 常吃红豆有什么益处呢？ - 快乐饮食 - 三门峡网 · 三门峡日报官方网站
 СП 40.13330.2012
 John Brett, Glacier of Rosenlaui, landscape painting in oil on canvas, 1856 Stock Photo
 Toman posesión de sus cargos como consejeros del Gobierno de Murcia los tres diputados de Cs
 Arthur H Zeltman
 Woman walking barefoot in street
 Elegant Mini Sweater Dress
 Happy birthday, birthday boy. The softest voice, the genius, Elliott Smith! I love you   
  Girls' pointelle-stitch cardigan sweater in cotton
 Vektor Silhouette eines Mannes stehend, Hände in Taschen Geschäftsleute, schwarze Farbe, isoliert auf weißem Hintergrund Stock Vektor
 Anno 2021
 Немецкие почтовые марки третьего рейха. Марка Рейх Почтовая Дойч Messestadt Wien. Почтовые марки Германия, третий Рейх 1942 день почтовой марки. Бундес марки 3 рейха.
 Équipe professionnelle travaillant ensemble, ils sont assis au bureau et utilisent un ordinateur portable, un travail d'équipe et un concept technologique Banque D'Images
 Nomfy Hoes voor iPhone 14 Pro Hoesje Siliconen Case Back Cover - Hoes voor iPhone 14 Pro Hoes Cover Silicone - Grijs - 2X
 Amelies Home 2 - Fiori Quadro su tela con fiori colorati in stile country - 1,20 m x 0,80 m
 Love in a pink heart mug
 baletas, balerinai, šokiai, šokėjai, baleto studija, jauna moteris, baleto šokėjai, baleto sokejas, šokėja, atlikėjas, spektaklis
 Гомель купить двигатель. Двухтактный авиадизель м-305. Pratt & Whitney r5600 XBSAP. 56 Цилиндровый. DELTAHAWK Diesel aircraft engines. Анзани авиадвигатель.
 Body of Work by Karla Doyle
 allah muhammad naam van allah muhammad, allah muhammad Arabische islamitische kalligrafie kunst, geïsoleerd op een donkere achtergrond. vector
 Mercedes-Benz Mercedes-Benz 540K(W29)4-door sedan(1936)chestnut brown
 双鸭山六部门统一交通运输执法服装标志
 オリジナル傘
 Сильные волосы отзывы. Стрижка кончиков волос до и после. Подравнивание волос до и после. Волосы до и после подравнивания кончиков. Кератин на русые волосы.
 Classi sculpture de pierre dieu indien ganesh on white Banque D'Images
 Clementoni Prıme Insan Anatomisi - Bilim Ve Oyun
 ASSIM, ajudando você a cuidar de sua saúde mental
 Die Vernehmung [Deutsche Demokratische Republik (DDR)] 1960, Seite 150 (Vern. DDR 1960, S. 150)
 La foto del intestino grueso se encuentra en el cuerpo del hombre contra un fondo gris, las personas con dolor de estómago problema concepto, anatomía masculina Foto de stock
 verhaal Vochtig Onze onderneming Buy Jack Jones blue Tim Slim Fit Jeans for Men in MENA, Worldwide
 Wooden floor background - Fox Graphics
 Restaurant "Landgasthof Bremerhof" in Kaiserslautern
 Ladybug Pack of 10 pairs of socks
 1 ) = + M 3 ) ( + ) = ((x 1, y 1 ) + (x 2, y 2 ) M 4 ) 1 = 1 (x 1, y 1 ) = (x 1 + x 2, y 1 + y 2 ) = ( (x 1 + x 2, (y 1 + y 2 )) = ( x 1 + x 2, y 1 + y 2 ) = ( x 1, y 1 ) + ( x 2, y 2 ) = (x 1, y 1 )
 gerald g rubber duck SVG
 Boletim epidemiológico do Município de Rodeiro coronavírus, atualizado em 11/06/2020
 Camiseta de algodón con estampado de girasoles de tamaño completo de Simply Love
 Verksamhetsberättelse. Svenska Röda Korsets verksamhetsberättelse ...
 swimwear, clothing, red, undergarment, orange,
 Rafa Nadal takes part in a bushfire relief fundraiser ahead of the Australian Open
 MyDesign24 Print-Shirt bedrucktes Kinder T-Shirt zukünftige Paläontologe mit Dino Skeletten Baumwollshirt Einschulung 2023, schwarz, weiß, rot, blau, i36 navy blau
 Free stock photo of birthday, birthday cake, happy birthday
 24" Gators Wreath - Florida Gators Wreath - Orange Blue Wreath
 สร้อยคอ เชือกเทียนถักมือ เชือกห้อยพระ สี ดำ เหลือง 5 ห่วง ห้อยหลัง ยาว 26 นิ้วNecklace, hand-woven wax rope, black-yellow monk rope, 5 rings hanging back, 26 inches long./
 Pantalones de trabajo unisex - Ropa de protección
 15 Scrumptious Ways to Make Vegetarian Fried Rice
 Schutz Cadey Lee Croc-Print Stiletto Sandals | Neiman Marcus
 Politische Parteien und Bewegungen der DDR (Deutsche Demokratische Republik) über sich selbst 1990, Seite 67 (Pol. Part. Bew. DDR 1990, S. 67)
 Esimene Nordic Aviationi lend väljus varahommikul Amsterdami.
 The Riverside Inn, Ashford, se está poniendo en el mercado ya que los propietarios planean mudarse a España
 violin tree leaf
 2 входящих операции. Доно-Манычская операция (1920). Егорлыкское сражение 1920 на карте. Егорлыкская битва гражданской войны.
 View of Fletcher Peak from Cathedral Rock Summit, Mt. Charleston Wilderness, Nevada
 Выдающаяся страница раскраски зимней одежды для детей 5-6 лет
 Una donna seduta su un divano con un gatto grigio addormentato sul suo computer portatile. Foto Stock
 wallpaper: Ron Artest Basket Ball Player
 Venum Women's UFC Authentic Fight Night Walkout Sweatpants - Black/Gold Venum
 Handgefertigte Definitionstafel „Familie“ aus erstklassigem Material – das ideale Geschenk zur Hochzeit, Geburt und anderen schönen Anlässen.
□ □ □ □ □
TASK BRIEF: Note each line above that contains "Demokratische" and copy it out.

EXPECTED ANSWER:
 Die Vernehmung [Deutsche Demokratische Republik (DDR)] 1960, Seite 150 (Vern. DDR 1960, S. 150)
 Politische Parteien und Bewegungen der DDR (Deutsche Demokratische Republik) über sich selbst 1990, Seite 67 (Pol. Part. Bew. DDR 1990, S. 67)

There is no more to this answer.